28 years of trying to shift my weight, to very little success.  Some people have drastic weight cycling (yo-yo dieting) journeys – times when they’ve lost all the weight and felt awesome… only to gain it back a short while later.  I am not that person.  I’ve dieted all my life, and only lost roughly 10kg or less each stint – but I’ve always, always, managed to find the weight again afterwards.  

This has had two main side effects.  By “side effects”, what I really mean is that these are the lasting impressions that stay with me, regardless of diet plan or “lifestyle change”. 

Food obsession

I will say that this one at least lessens slightly (slightly!) when I’m not actively “on a diet” (*cough* “lifestyle change”).  When I am, however, I think about food every waking minute – no exaggeration.  I can be reading a book, and wanting a snack, and feeling deprived, because I “can’t” have the snack.  I am thinking about the calories – how many I’ve had, how many I still have left, how many I can ‘add’ with exercise, how many I may or may not be over by, what that might look like in terms of numbers.  I am thinking about potential lunch or dinner options – and yes, even ones with built-in meal plans have had this effect.  Some of this stems from actual hunger.  Mostly though, it’s a hyper fixation with food that makes it top of mind all the time.  It makes everything harder.  By everything I mean everything – food choices are harder, but so is every decision that’s not food-related.  It’s having a voice in your head yelling at you, constantly, and trying to tune it out to focus on anything at all.  

Self Hatred

This may seem obvious, but hear me out.  Diet culture perpetuates self-hatred all the way through.  Obviously, it plays on self-hatred to get you to “buy-in” in the first place.  Sign up to this meal plan or that diet of this slimming club, etc, and be the “slimmer, healthier, newer you!”  Diet culture tells you that any problems you have in your life will be solved by being slimmer.  “Slimmer” here means overall more attractive, problem areas gone, a suddenly successful love life, financial success, social success.  Obviously changing your appearance affects all of these, and the key to doing it is merely whatever product is being sold.  

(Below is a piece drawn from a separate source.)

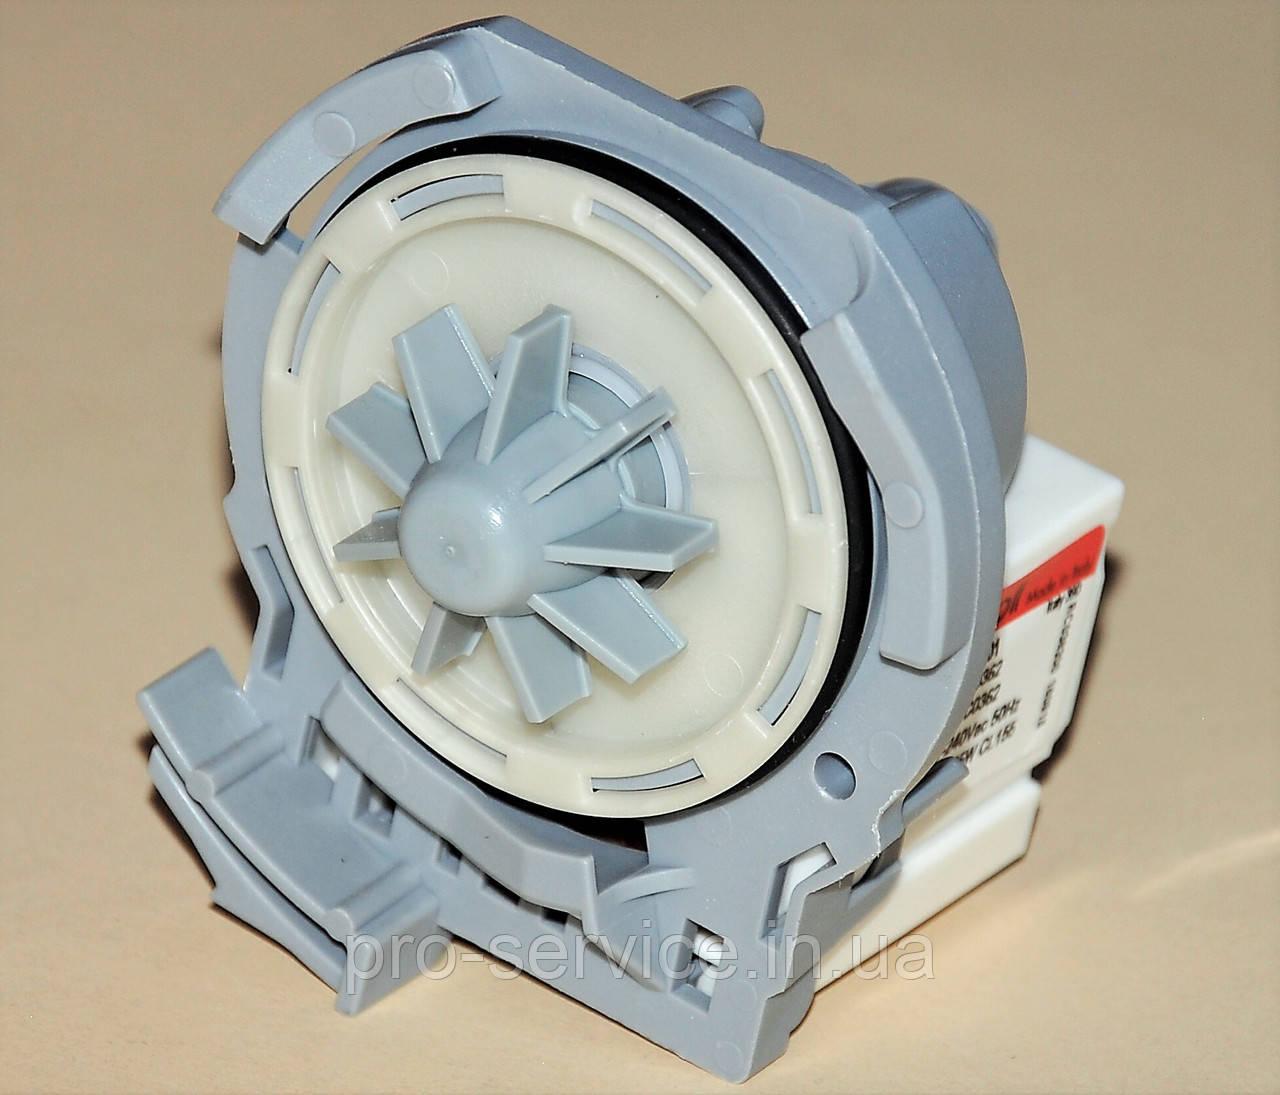 Сливной насос 481236018558 для ПММ Whirlpool

More insidious than that is that diet culture relies on self-hatred the whole way through.  Gained weight today? That’s your fault, you must not have followed the plan.  Clothes not looking like you’d hoped?  That’s your fault, you’re not doing the right exercises.  The plan is too expensive?  That’s your fault – you’re making poor financial decisions.  The plan is too rigid and doesn’t integrate with life?  That’s your fault – you’re clearly not committed enough.  Anything that doesn’t work, or isn’t ideal, about diet culture is “you”, not “it”.  After all, that’s how they draw their customers in, again and again, including those who have tried and failed before.  

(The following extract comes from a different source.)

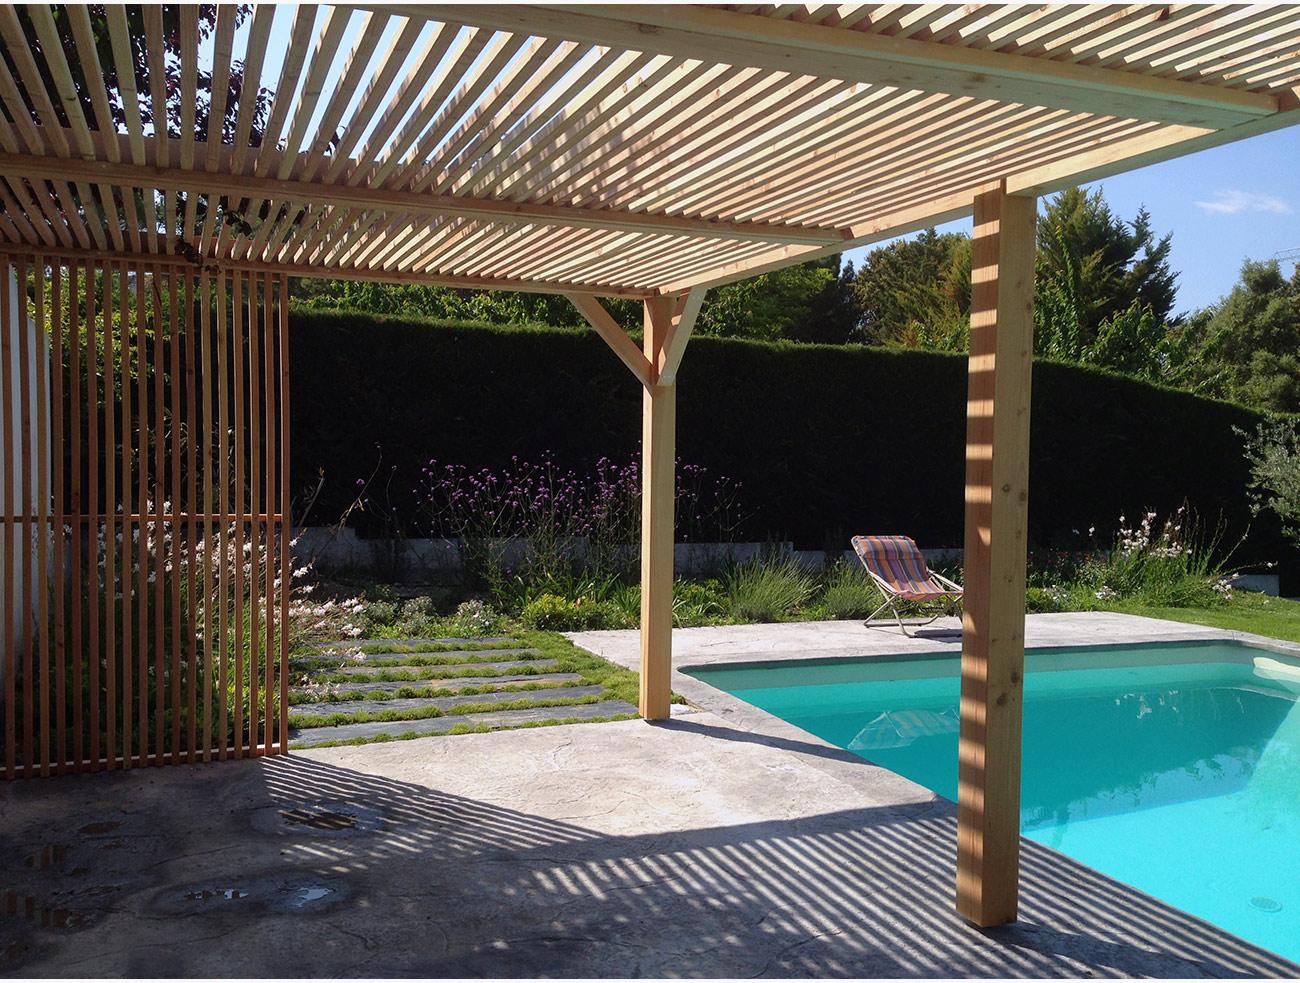 Pergola bois clairevoie - Architecte paysagiste concepteur Montpellier

Diet culture is like a Multi-Level Marketing scheme (MLM).  

Both diet culture and MLM’s promise you the world – change your entire life, be free of all your problems – and both take no ownership in the reality.  Both see their believers fail drastically more frequently than they succeed, and both wash their hands of that entirely.   If either of these things gave report cards, they would always read: “Could try harder.”